= GOAL OF THE EXERCISE =
Copy all the data exactly, except the pictures.

= DATA PROVIDED =
____

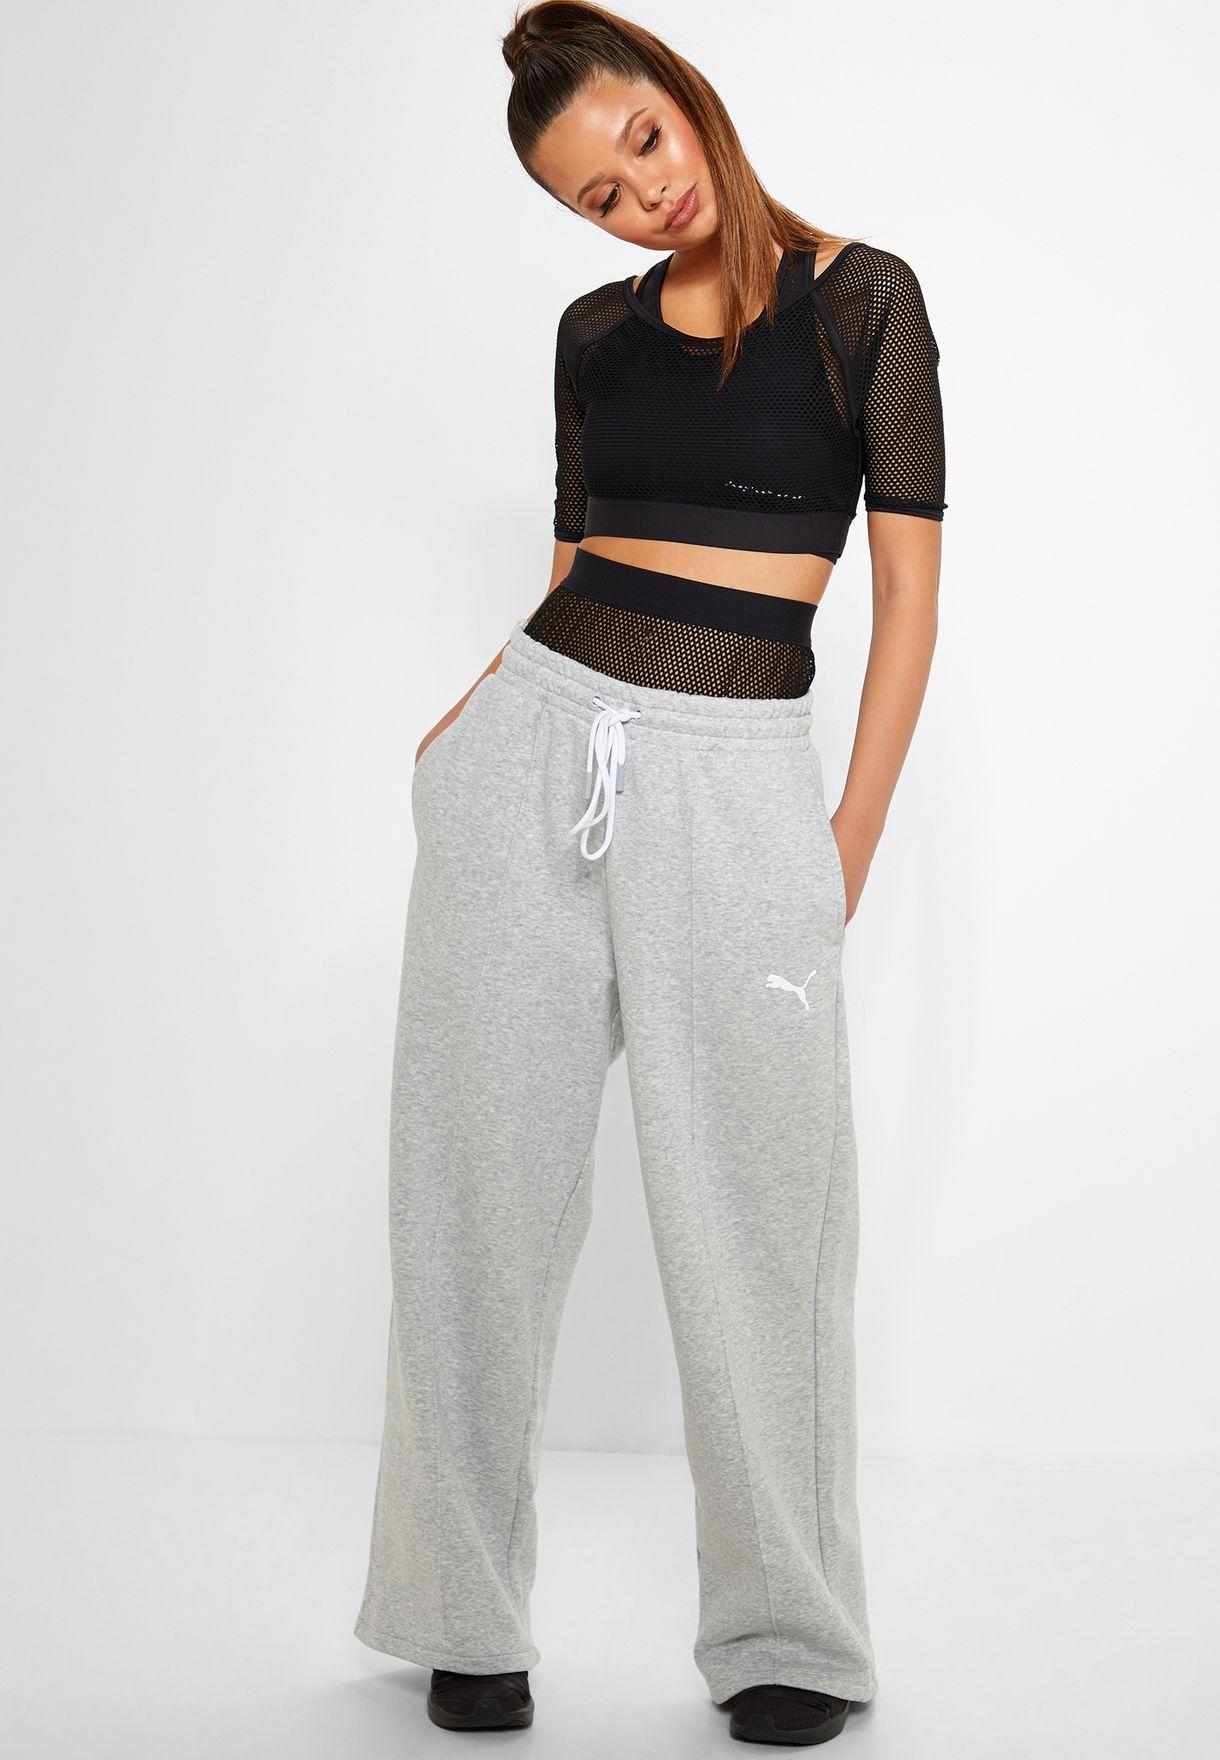 fb14aea3ad47 Shop PUMA grey Selena Gomez Sweatpants 51780101 for Women in Bahrain ...
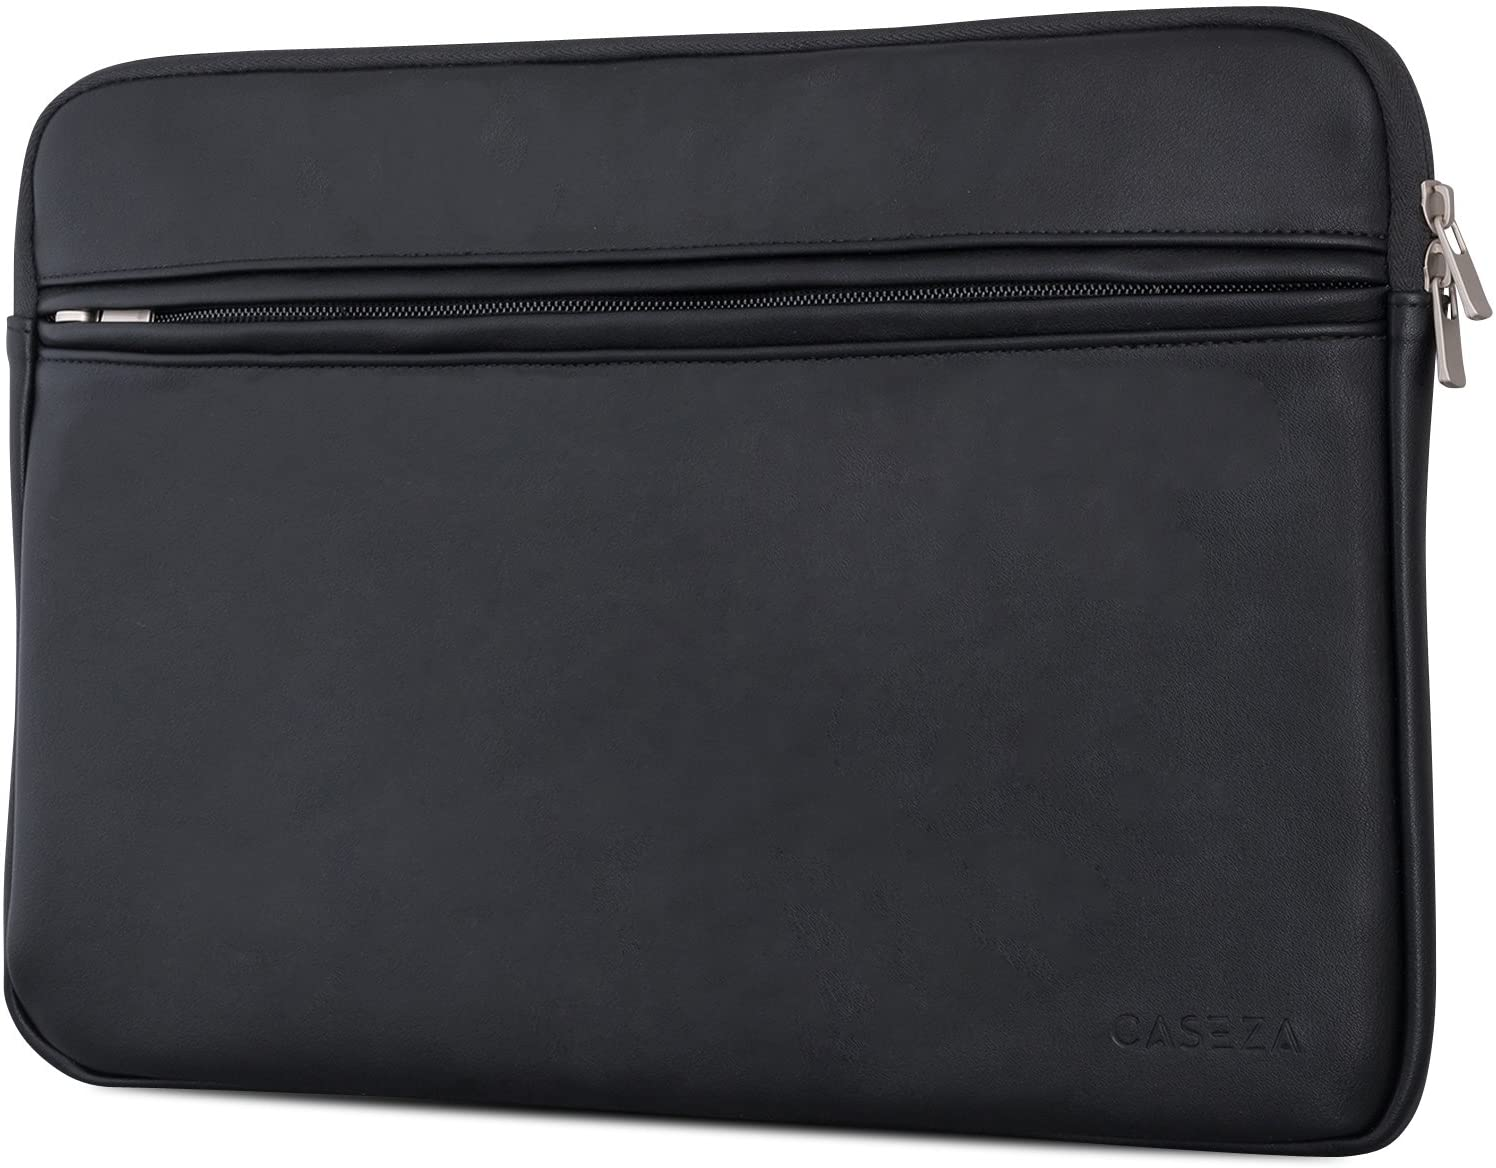 CASEZA Boston MacBook 12
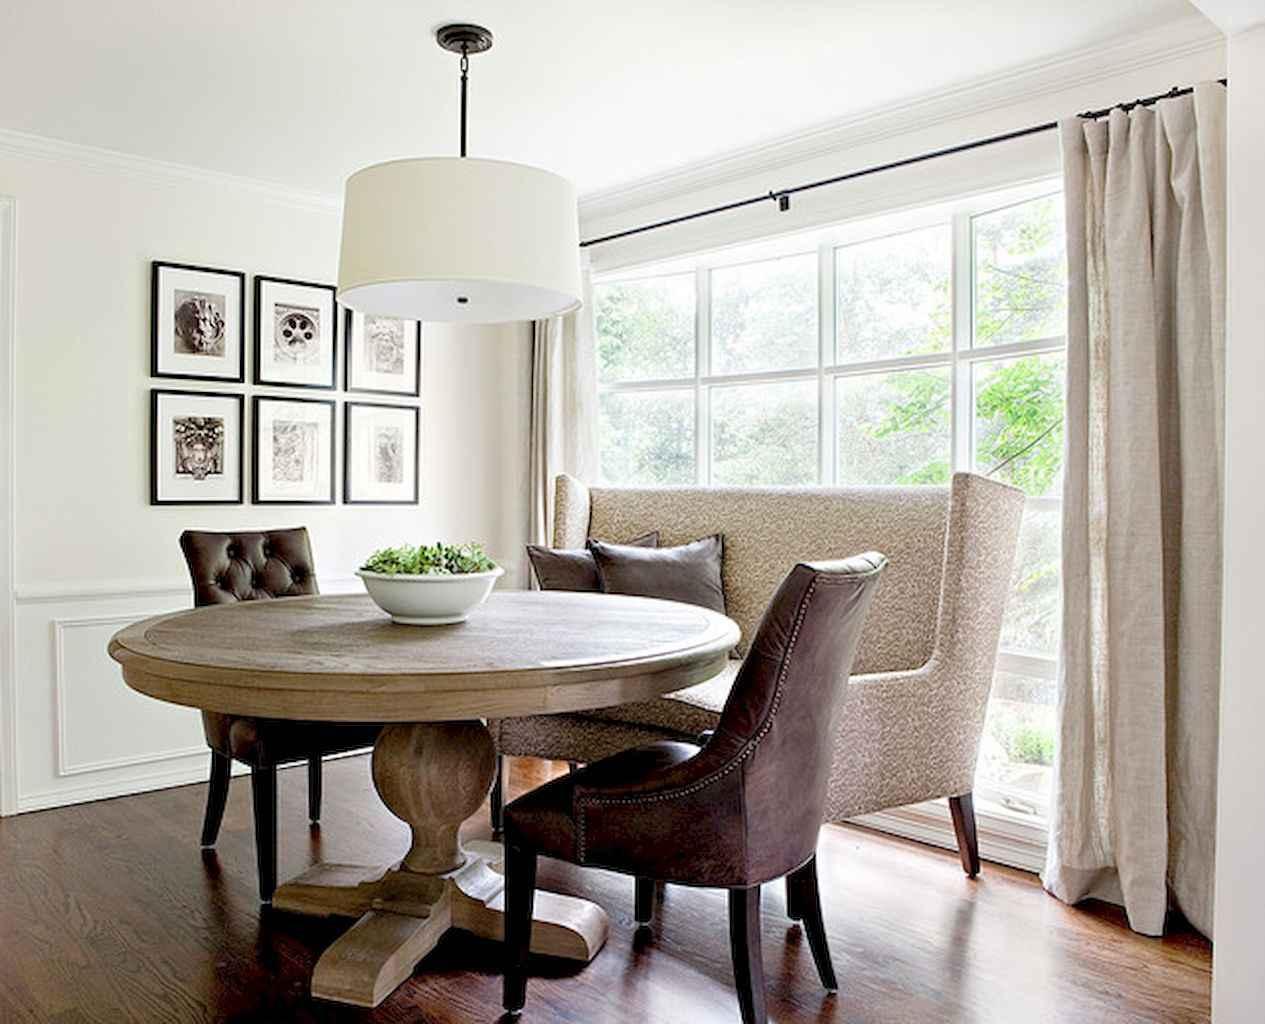 100 Rustic Farmhouse Dining Room Decor Ideas (43)

____

= YOUR RESPONSE =
 fb14aea3ad47 Shop PUMA grey Selena Gomez Sweatpants 51780101 for Women in Bahrain ...
 CASEZA Boston MacBook 12
 100 Rustic Farmhouse Dining Room Decor Ideas (43)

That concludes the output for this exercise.